Does your 18-year-old have the proper Power of Attorney and Advance Medical Directive Documents prepared? Without those legal documents, you might not be able to make sure your child receives the appropriate medical care or speak with their student loan companies regarding a bill. Read the article below, provided by the American Academy of Estate Planning Attorneys and call our firm at 314-966-8077 to set up a free consultation for your new “adult” child before they leave for school.

Eighteen and Alone: The Legal Risks of Independence

Your child has just turned 6,570 days old, and on the surface nothing seems to have changed. He still mixes the reds with the whites in the wash—she drove off with her book bag on the roof of her car again. But, disconcerting as it may be, for all legal purposes, turning 18 makes your child an adult.

Even more disturbing is the fact that without proper legal safeguards, you may no longer have any say in their medical care or financial matters. Should something terrible befall your child, you would be powerless to help them.
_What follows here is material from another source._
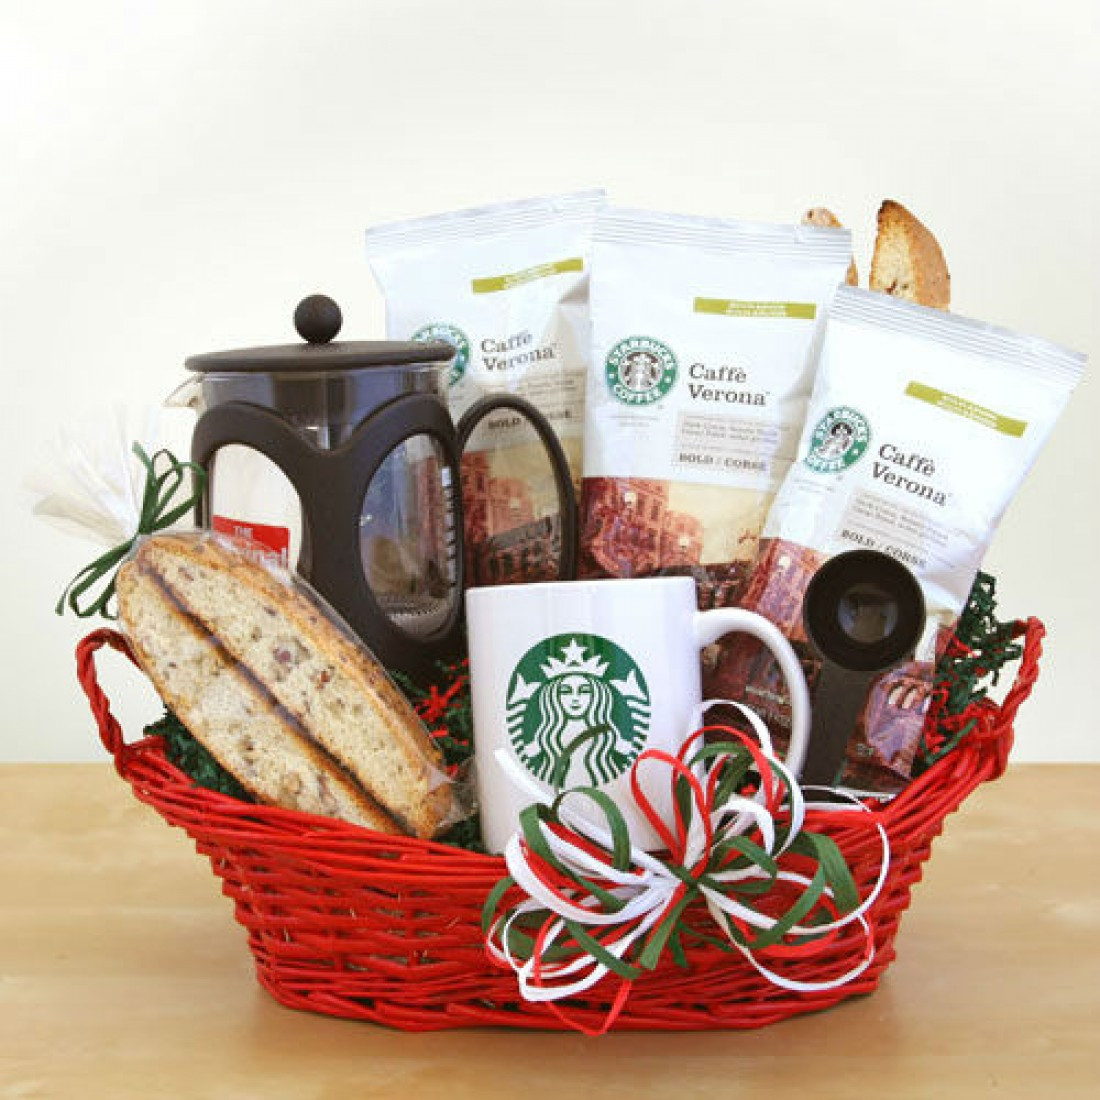 Best ideas about Starbucks Gift Basket Ideas
. Save or Pin Starbucks Italian Basket 8009 At Print EZ Now.

Each year, approximately 20,000 college-age kids die in the United States. What sets this population apart from the rest of the country is that almost half of these deaths are accident-related. In general, our kids are not having heart attacks or getting lung cancer—instead they are more likely to be crashing cars or suffering other accidents.

I know it’s difficult to even consider the possibility of something bad happening to your child. No one sits around imagining such scenarios. But the unpleasant truth is that no matter how responsible, how healthy, or how young your child is, they are at risk.

We all protect the things we value. You buy homeowners insurance to protect your house from natural disasters, fire, and other catastrophes. The odds are pretty slim that your house will be destroyed by lightning, but because your home is important to you, you protect it. Well, the same logic applies to your children. You have every expectation that they’ll be safe at college, but because you love and care about them, protecting them in case the unexpected happens just makes sense.

Here’s why you need to act: On April 14, 2003, the privacy rule of HIPAA (Heath Insurance Portability and Accountability Act) went into effect. The intent of this act is to prevent anyone from accessing and abusing an individual’s personal medical information.

Fortunately and unfortunately, this privacy applies to your 18-year-old as well. The downside, of course, is that if your son or daughter has an accident or is incapacitated in some way, you may not even be able to discuss their medical situation with a doctor because it may violate HIPAA. In order to prevent this, you need your child’s legal consent to access their medical records and make decisions for them, based on their own wishes, in the event of an emergency. Specifically, you need a HIPAA Authorization Form and a Health Care Directive completed for them.

Another important legal safeguard is a Property Power of Attorney. This is especially helpful if your child travels abroad. It allows you to handle any unforeseen issues that may arise with your child’s car, apartment, student loans, etc.

To be clear, these documents and safeguards do not in any way allow the designated agent to “interfere” with their child’s medical care or financial decisions. These are simply emergency measures to protect the interests of your newly-minted “adult” child.

Becoming an adult is an exciting rite-of-passage for every young person, but with independence comes an important set of responsibilities. Getting these legal matters sorted out may be the most important birthday present you ever give to your child.